Эйла посмотрела на пожилую женщину. Голос ее звучал резко и требовательно, но Эйла расслышала в ее вопросе заботу и интерес. Конечно, она говорит тоном, которым не беседуют, а требуют, – привыкла командовать. Но должно быть, она не понимает, как это нелепо и вызывающе, когда тот, у кого нет никакой власти, говорит таким тоном.
– Нижний слой коры дикой черной вишни – он успокоит ее кашель и облегчит родовые муки, – объяснила Эйла, – смешивается с сухими корнями петрушки и измельчается в порошок, чтобы усилить работу мышц и ускорить исход. Роды уже не остановить.
– Хм… – произнесла Крози, понимающе кивнув.
Она знала точный состав, и этого было достаточно. Не то чтобы ей было так уж важно, какие именно травы использует Эйла, – но она убедилась, что молодая женщина знает свое дело. Крози не разбиралась в лечебных снадобьях, но она поняла, что Эйла в них разбирается.
В течение дня все подходили на несколько минут, чтобы оказать моральную поддержку, но в одобрительных улыбках сквозила печаль. Они знали, что Фрали предстоит тяжкое испытание и что очень мало надежды на счастливый исход. Для Фребека время тянулось медленно. Он не знал, чего ждать, и чувствовал себя потерянным. Он несколько раз был свидетелем родов, но не помнил, чтобы это занимало так много времени и чтобы рождение ребенка представляло такую трудность для других женщин. Неужели все они мечутся, тужатся и орут?
Для него не осталось места в его очаге – слишком много женщин там набилось. В его помощи не нуждались, никто даже не замечал его. Наконец Фребек поднялся с лежанки Кризавека и вышел. Он решил, что голоден, и направился к кухонному очагу в надежде найти оставленный кусок жареного мяса или еще что-нибудь. Подсознательно он подумал, что надо найти Талута. Ему нужно было с кем-то поговорить, поделиться пережитым с тем, кто мог бы понять его. Возле очага Мамонта Ранек, Дануг и Торнек разговаривали с Мамутом у кострища, частично перекрывая проход. Фребек остановился в нерешительности, не желая прерывать их беседу. Но не мог же он стоять вечно, поэтому он пошел к ним через центральное пространство очага Мамонта.
– Фребек, как она? – спросил Торнек.
– Если бы я знал, – ответил Фребек, немного удивленный его дружеским тоном.
– Я знаю, что ты чувствуешь, – сказал Торнек, криво улыбнувшись. – Я никогда не чувствую себя более бесполезным, чем когда рожает Трони. Не могу видеть, как она страдает, хочу чем-нибудь помочь ей, но… Это должна сделать сама женщина.
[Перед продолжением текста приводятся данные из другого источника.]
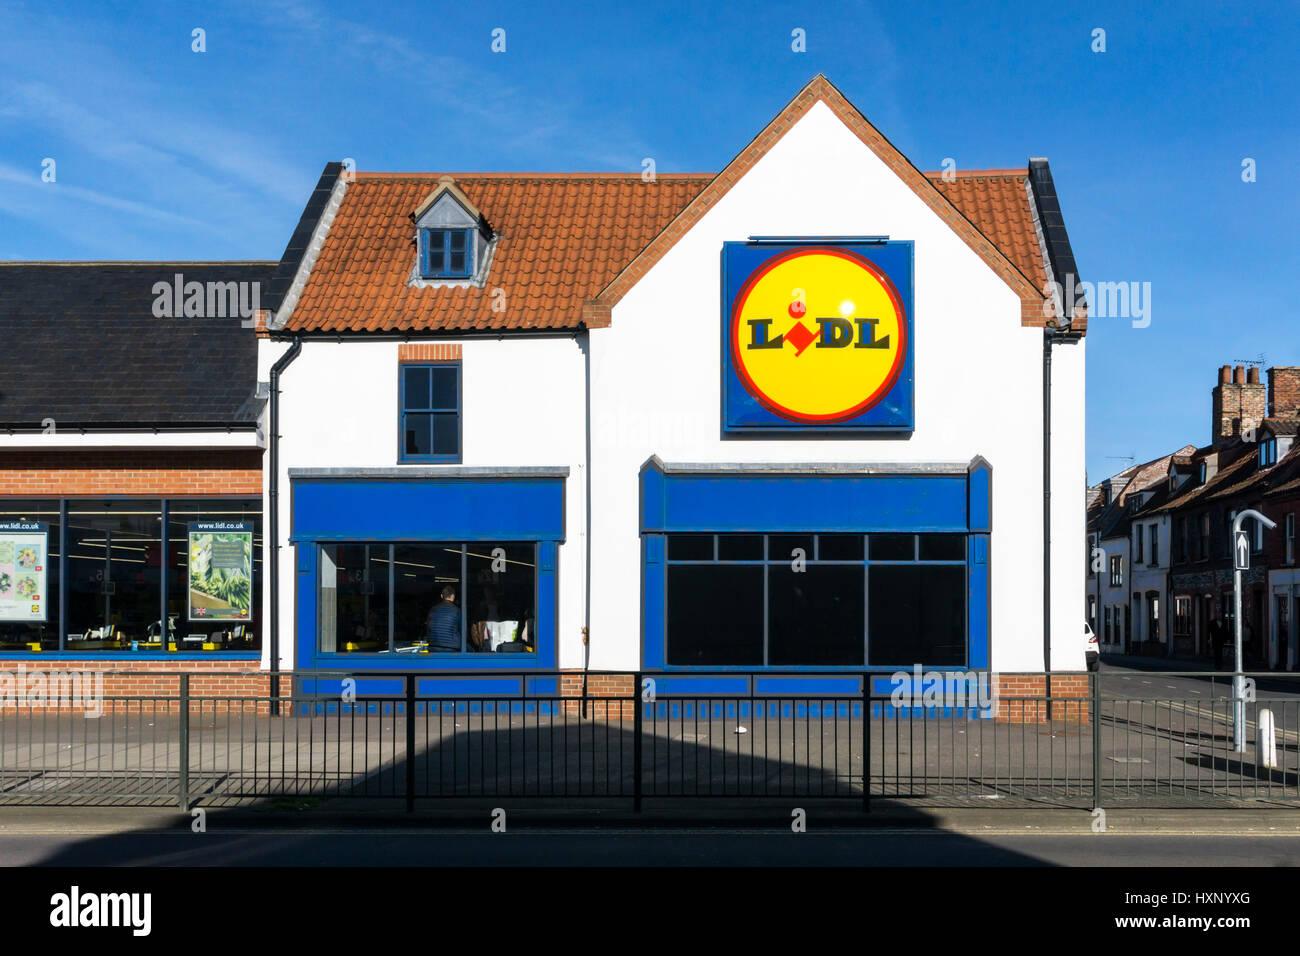 Branch of Lidl supermarkets in King's Lynn, Norfolk, UK - Stock Image

Такова ее судьба. Меня всегда удивляет, как быстро она забывает боль и муки, увидев ребенка. – Он замолчал, понимая, что сказал слишком много. – Извини, Фребек. Я не имел в виду…
Фребек нахмурился и повернулся к Мамуту.
– Фрали сказала, что ребенку еще не пора родиться. А Крози говорила, что дети, родившиеся прежде времени, не живут. Это правда? Ребенок умрет?
– Я не могу ответить тебе, Фребек. Это в руках Мут, – ответил старик. – Но я точно знаю, что Эйла не сдастся. Это зависит от того, насколько он недоношен. Обычно такие дети очень малы и слабы, поэтому и умирают. Но это происходит не всегда, особенно если срок близок к нормальному. Чем дольше они живут в матери, тем больше шансов. Я не знаю, чем тут помочь, но если кто-нибудь и может сделать что-то, то это Эйла. У нее сильный дар, и я уверяю тебя, ни один целитель не имел лучшей практики. Я знаю из личного опыта, как искусны женщины-целители клана. Одна из них вылечила меня.
– Тебя? Тебя вылечила плоскоголовая женщина? – удивился Фребек. – Я не понимаю. Как? Когда?
– Когда я был молодым, во время моего странствования, – сказал Мамут.
Молодые люди ждали, что он продолжит свой рассказ, но быстро поняли, что больше ничего не услышат.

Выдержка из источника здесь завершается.